From its outset, the song was met with controversy. MTV banned it for being too racy, which only elevated its significance and popularity. The original song has become so iconic and so popular that companies have incorporated it into national advertising campaigns. Here, the best examples of the power of the "Baby Got Back" phenomenon:

"Nick--Baby Got Back (2003)

When Apple ran the ad, it was met with some resistance. "I don't think those lyrics are appropriate for kids or some parents would not appreciate it," said a commenter on the macrumors.com site.

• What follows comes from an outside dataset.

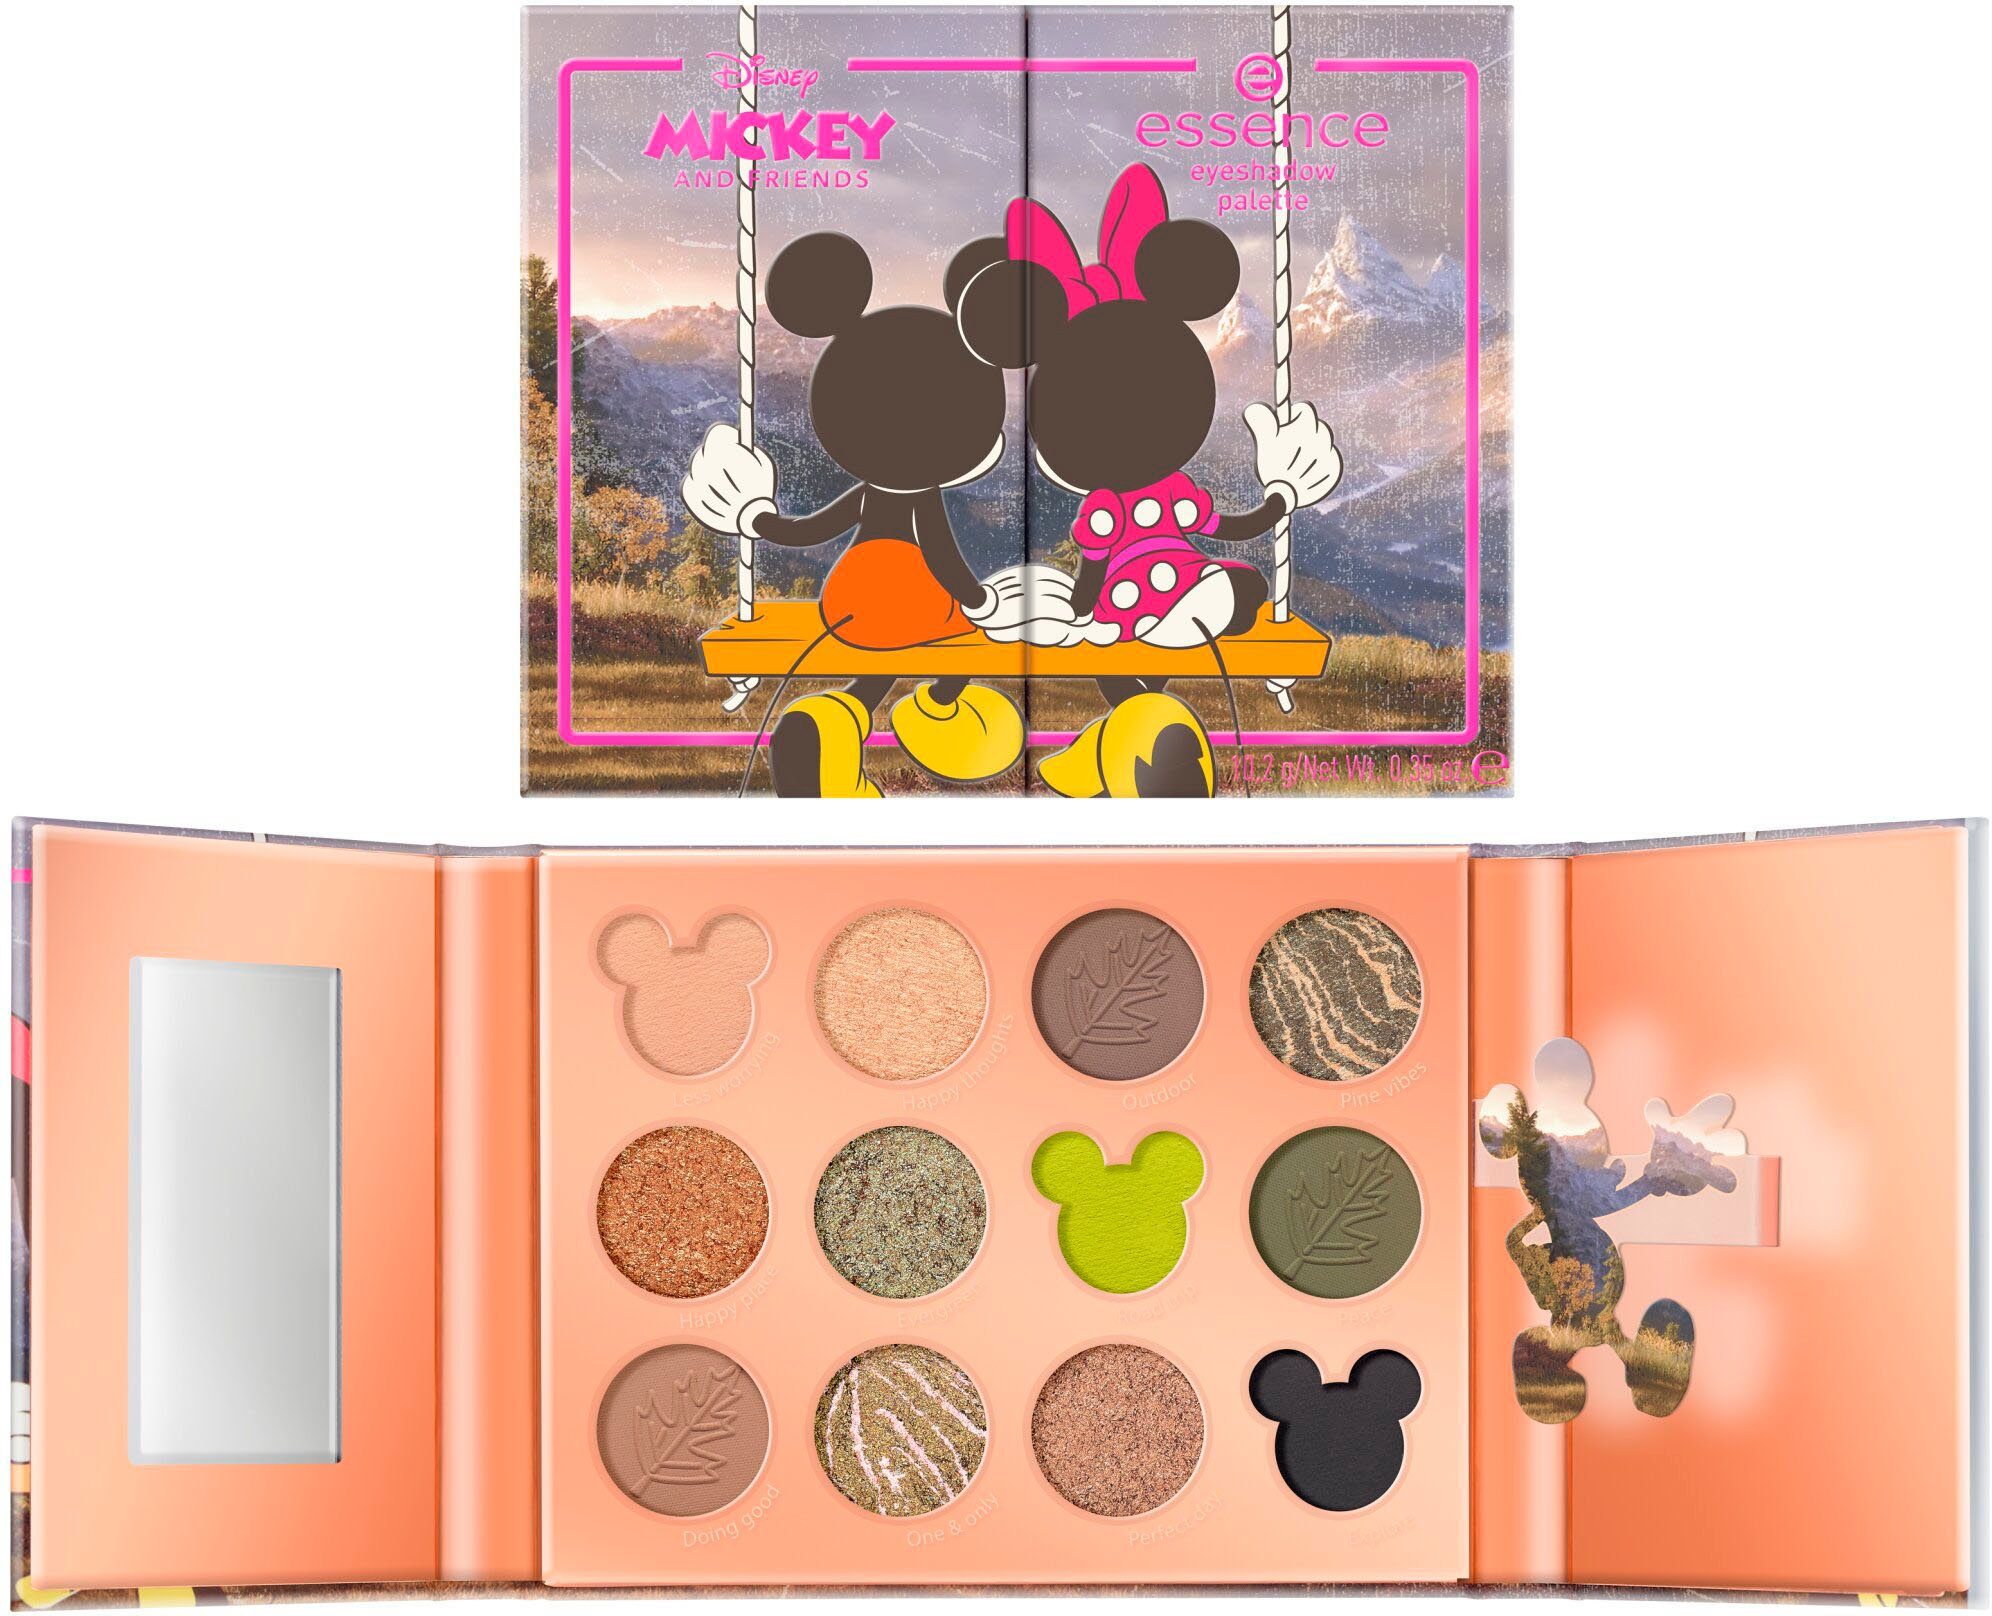 Essence Lidschatten-Palette Disney Mickey and palette, Looks abwechslungsreiche eyeshadow Augen-Make-Up Friends für

"Baby Got Backpack" (2005)

The Target ad makes the song "much tamer," said Steve Hall in Adrants. "Either Target has just moved to the top of the hipness pile or they have crossed into dangerous territory."

"Burger King SpongeBob Commercial" (2009)

A parenting group disapproved of the ad, saying that "SpongeBob and sexualization don't mix," said the Bitten and Bound blog. Burger King defended it by saying that the commercial was "not meant for kids."

"I Like Big Butterfingers" (2010)

"At some point, parody becomes reality and I think Sir Mix-A-Lot just reached that moment," said The Pitch blog. "Eventually, we all live long enough to see the songs we love turned into commercials. I just never thought I'd see Sir Mix-A-Lot sell out."